Segment Start: Information provided

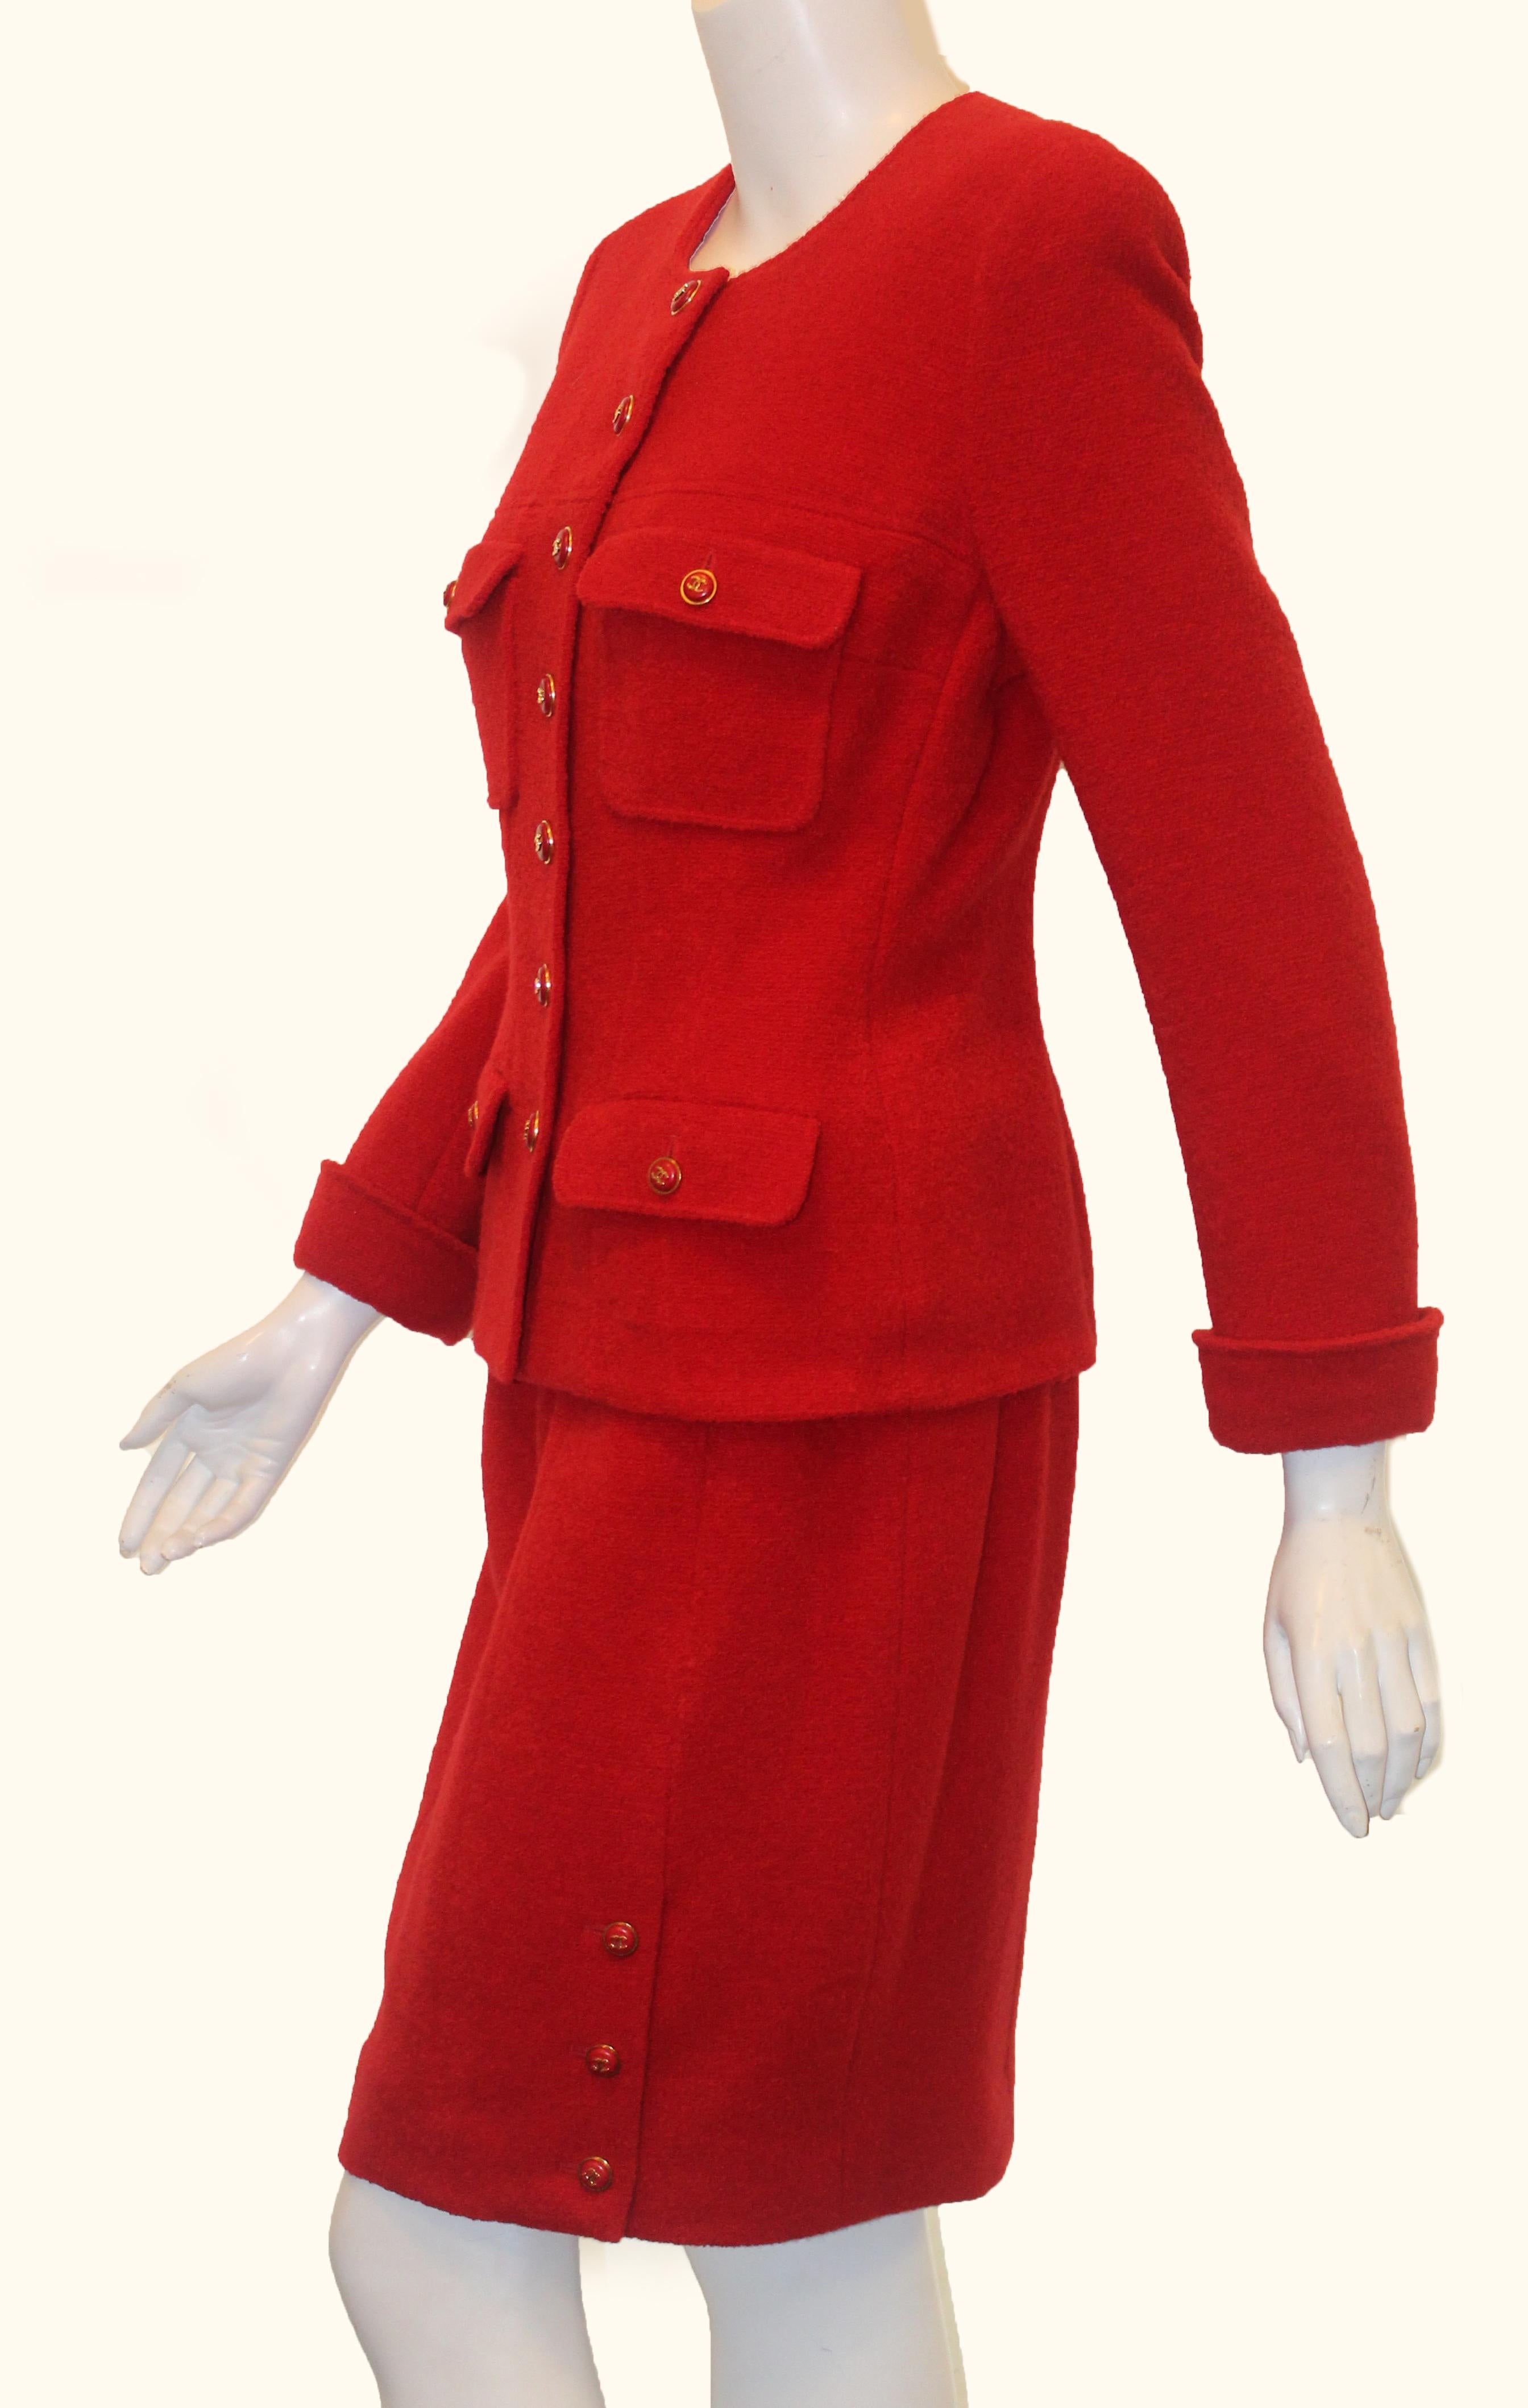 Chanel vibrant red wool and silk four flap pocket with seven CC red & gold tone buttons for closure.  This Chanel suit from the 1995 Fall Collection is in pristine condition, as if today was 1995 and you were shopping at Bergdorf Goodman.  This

Segment End: Information provided
Segment Start: Information provided

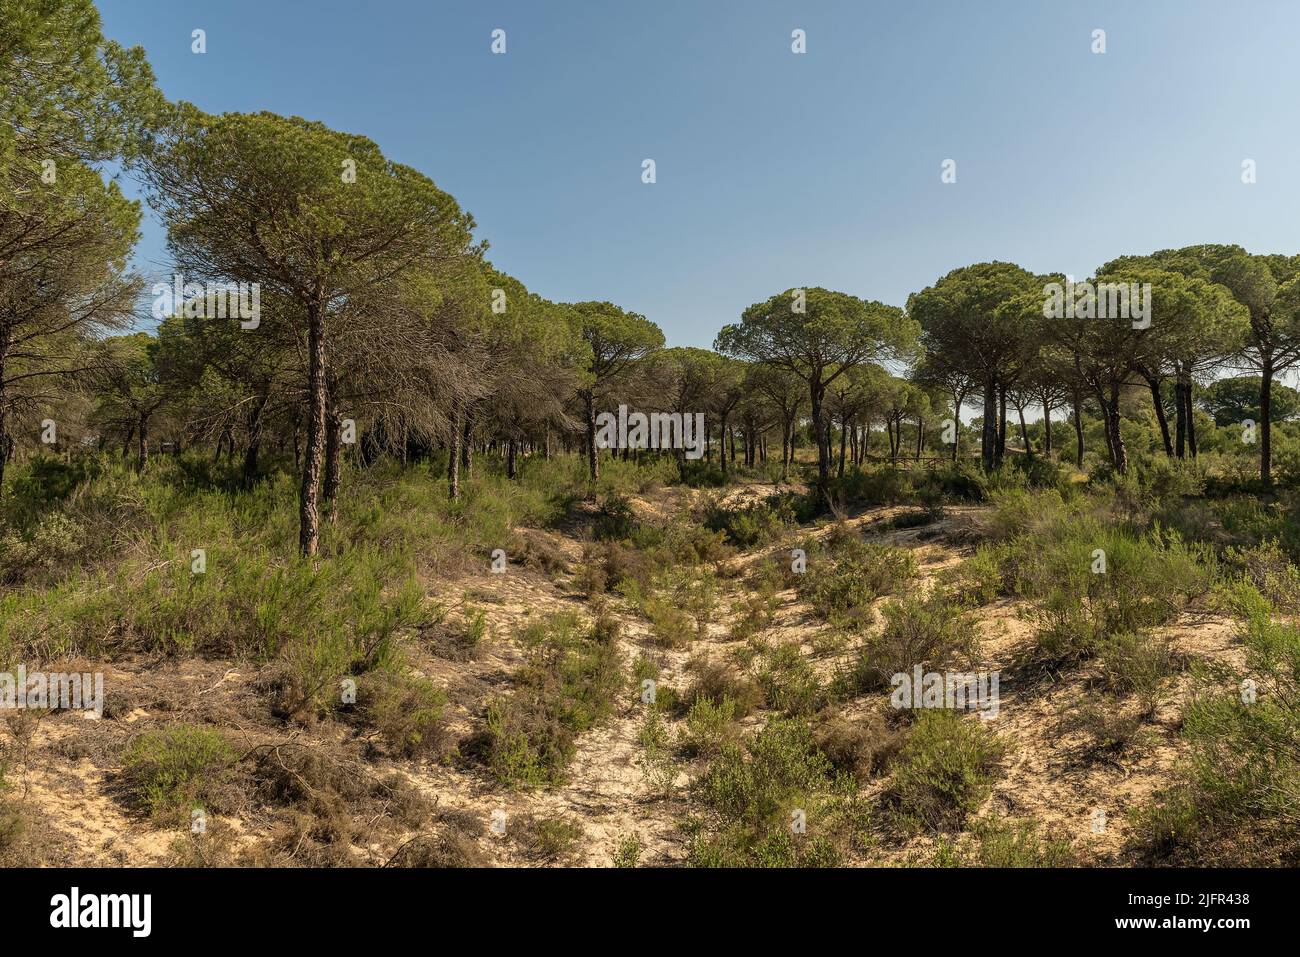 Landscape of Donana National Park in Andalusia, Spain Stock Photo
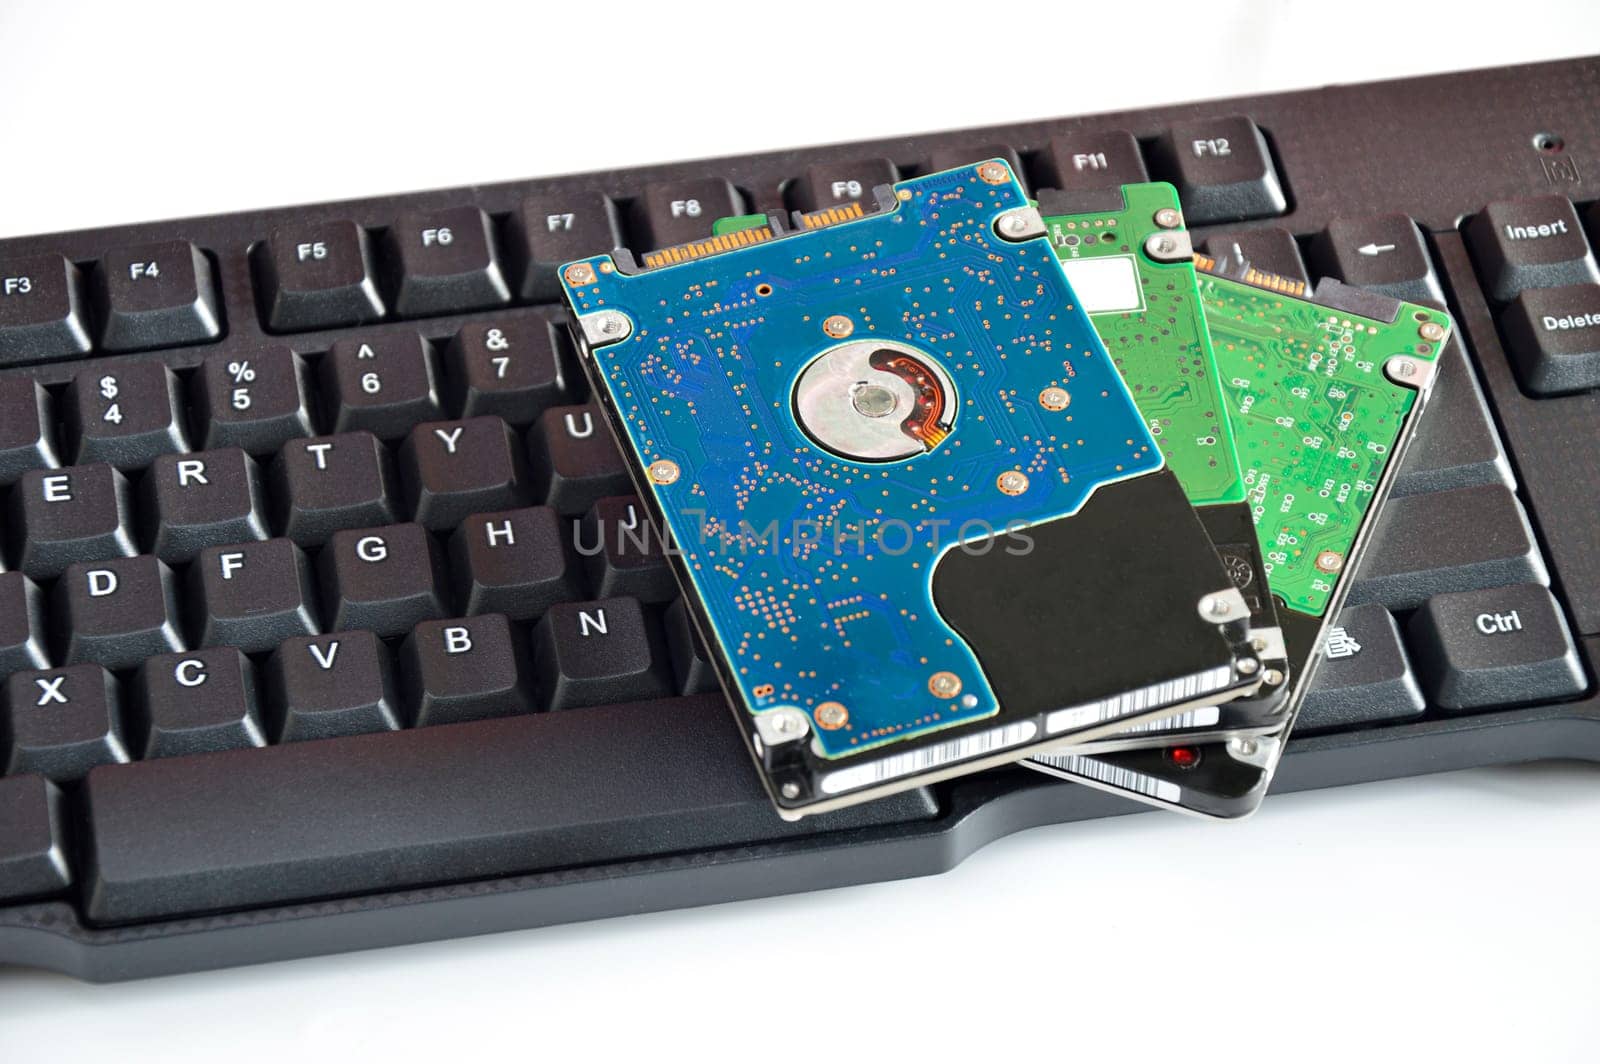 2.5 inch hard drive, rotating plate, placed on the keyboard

Segment End: Information provided
Segment Start: Information provided

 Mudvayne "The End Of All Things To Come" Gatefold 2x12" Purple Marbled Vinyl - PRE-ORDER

Segment End: Information provided

What is expected:
Range to copy from the listing above: the line containing "Landscape of Donana" down to the line containing "2.5 inch hard", both included. Reproduce it exactly, minus the pictures, and add nothing.

Result for this task:
 Landscape of Donana National Park in Andalusia, Spain Stock Photo
 2.5 inch hard drive, rotating plate, placed on the keyboard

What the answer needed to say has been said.